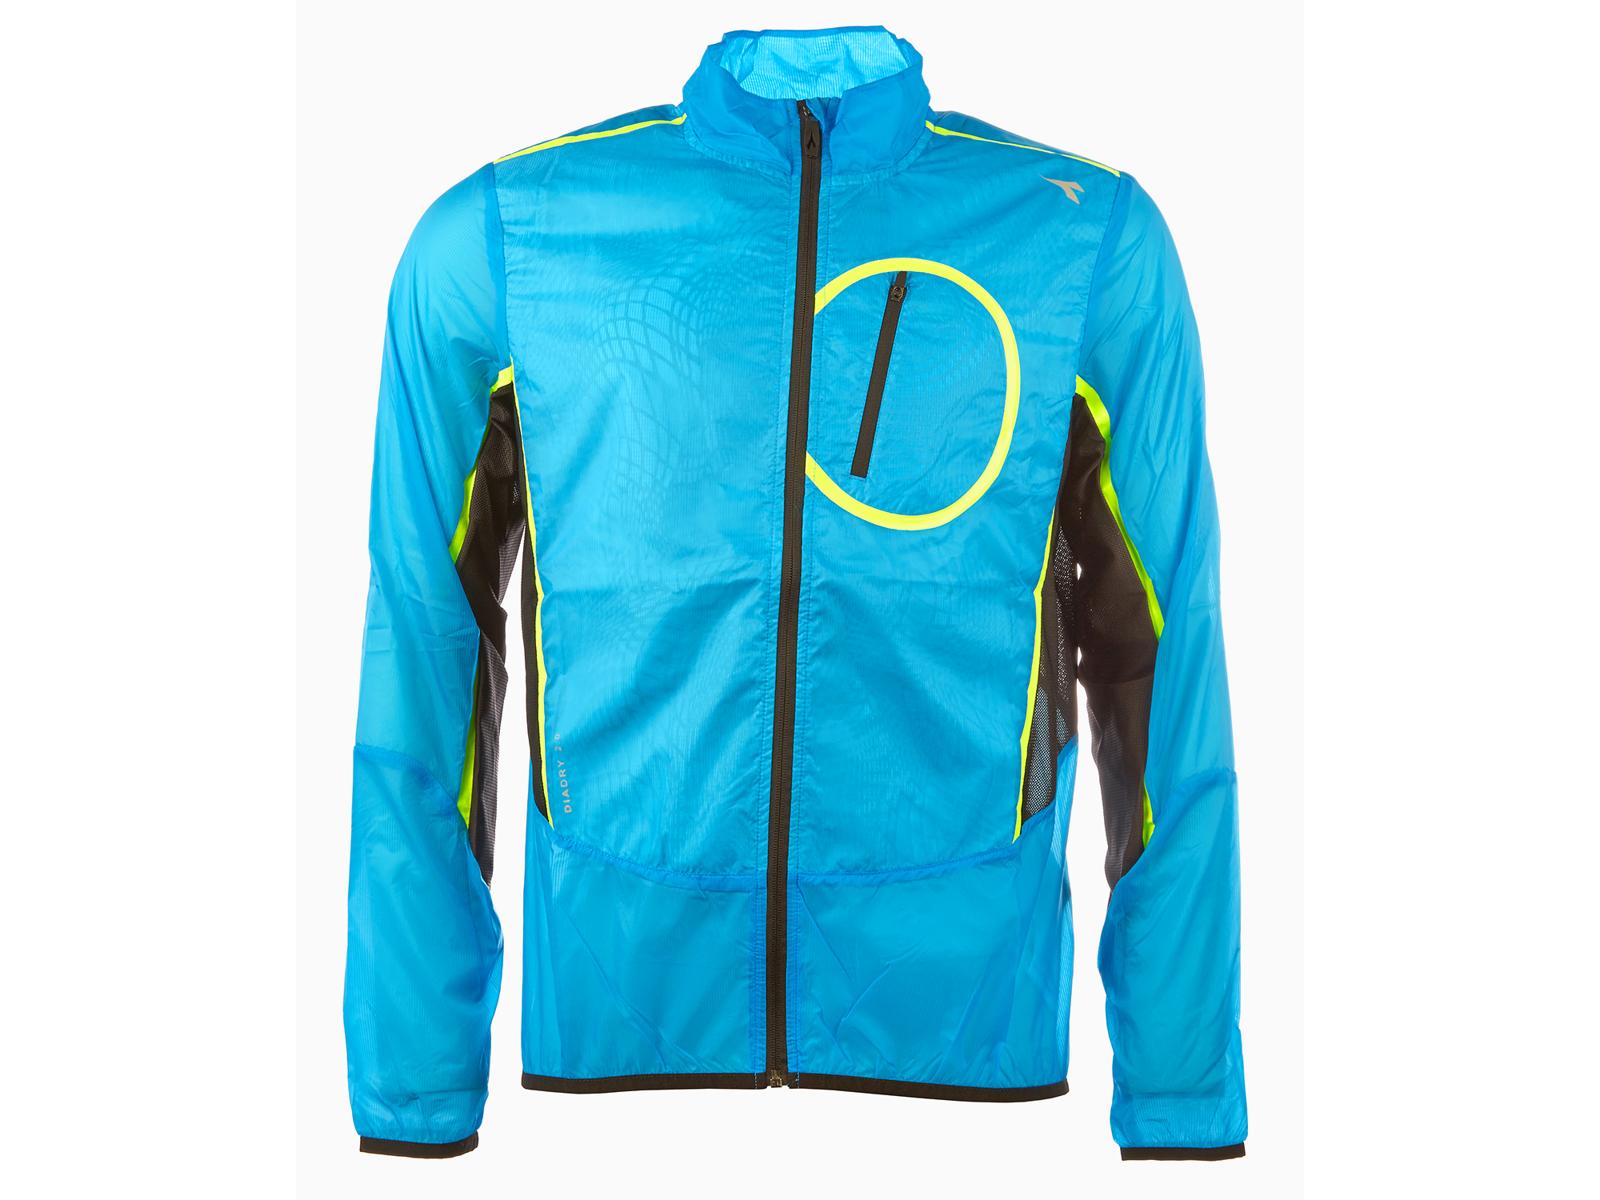 Diadora løbejakke Herre Wind Jacket Blå (DKK 319,60)
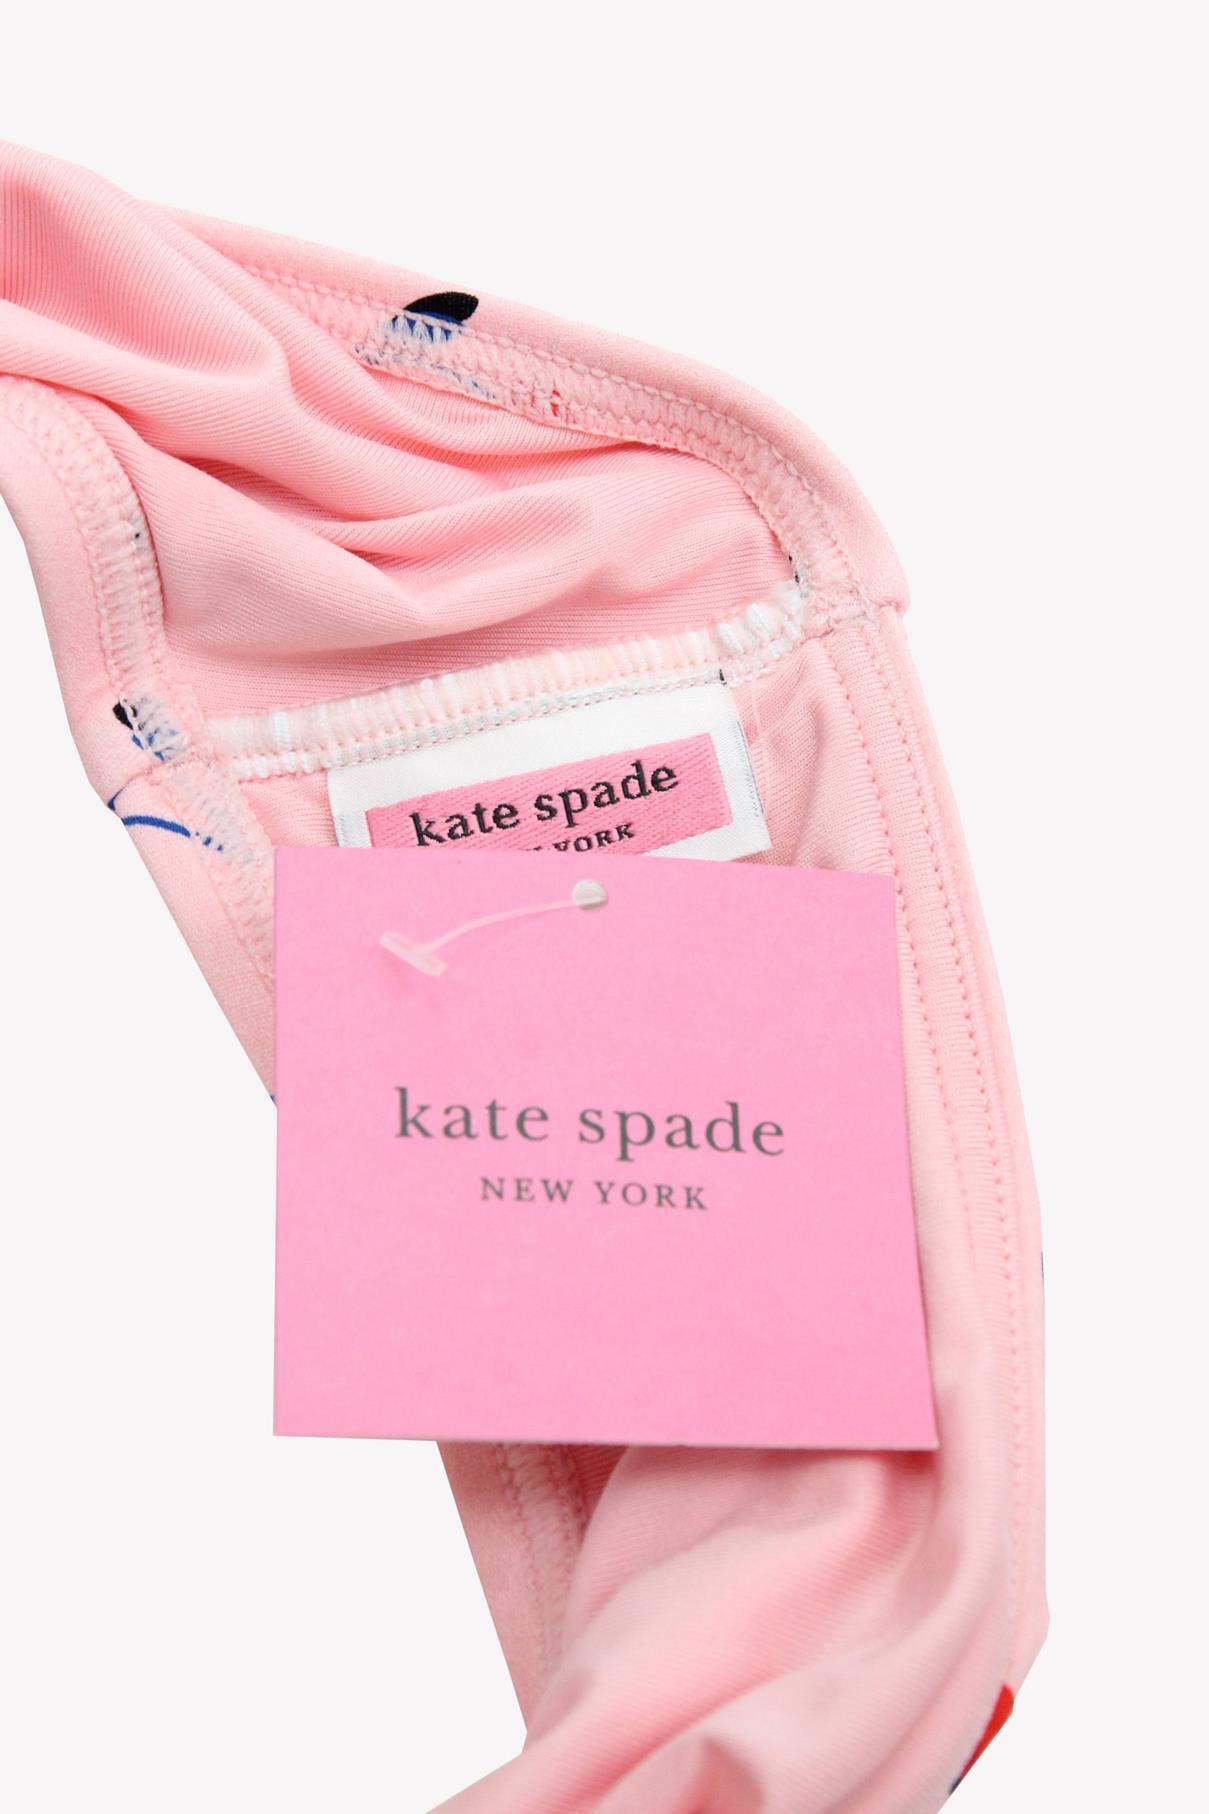 Bikini in Rosa Kate Spade
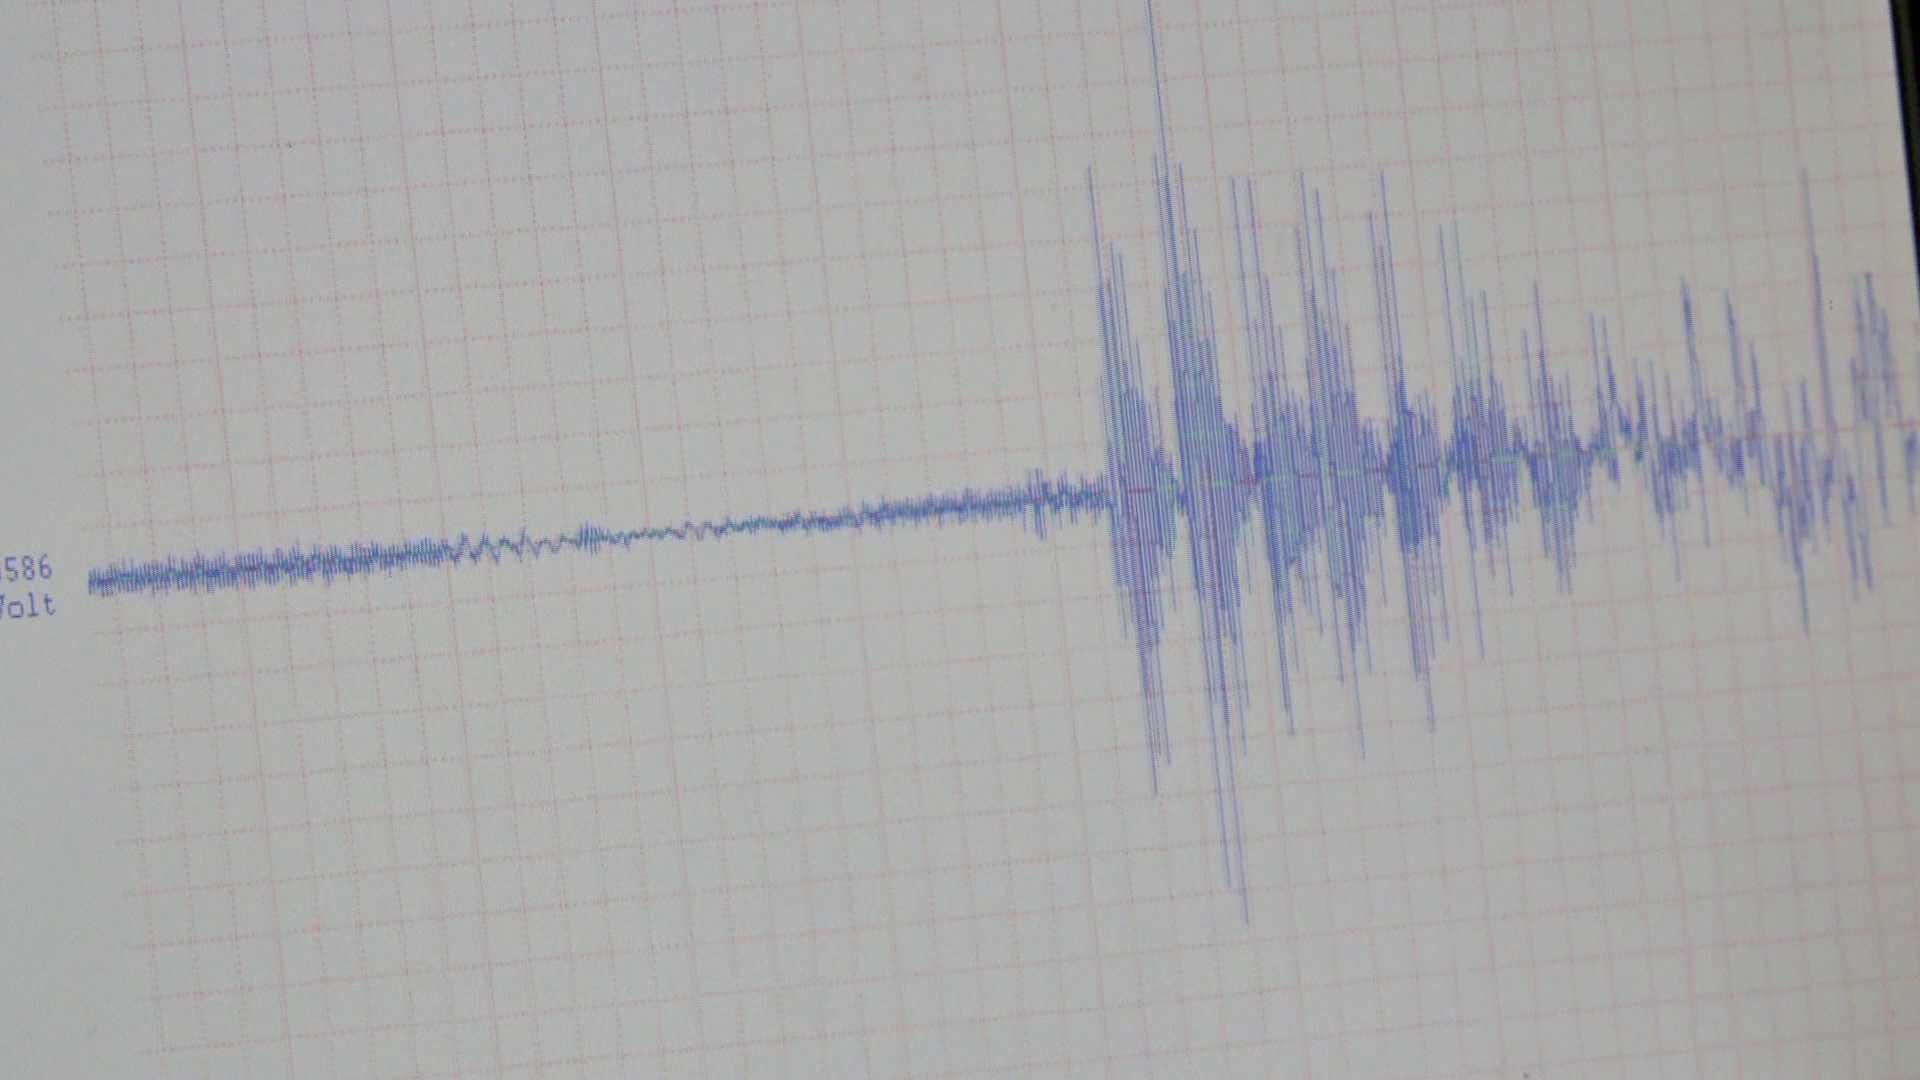 Earthquake lines
+++++
Aim of the task =>
Leave out the pictures, and write out all the remaining data above exactly.

Your response =>
 Diadora løbejakke Herre Wind Jacket Blå (DKK 319,60)
 Bikini in Rosa Kate Spade
 Earthquake lines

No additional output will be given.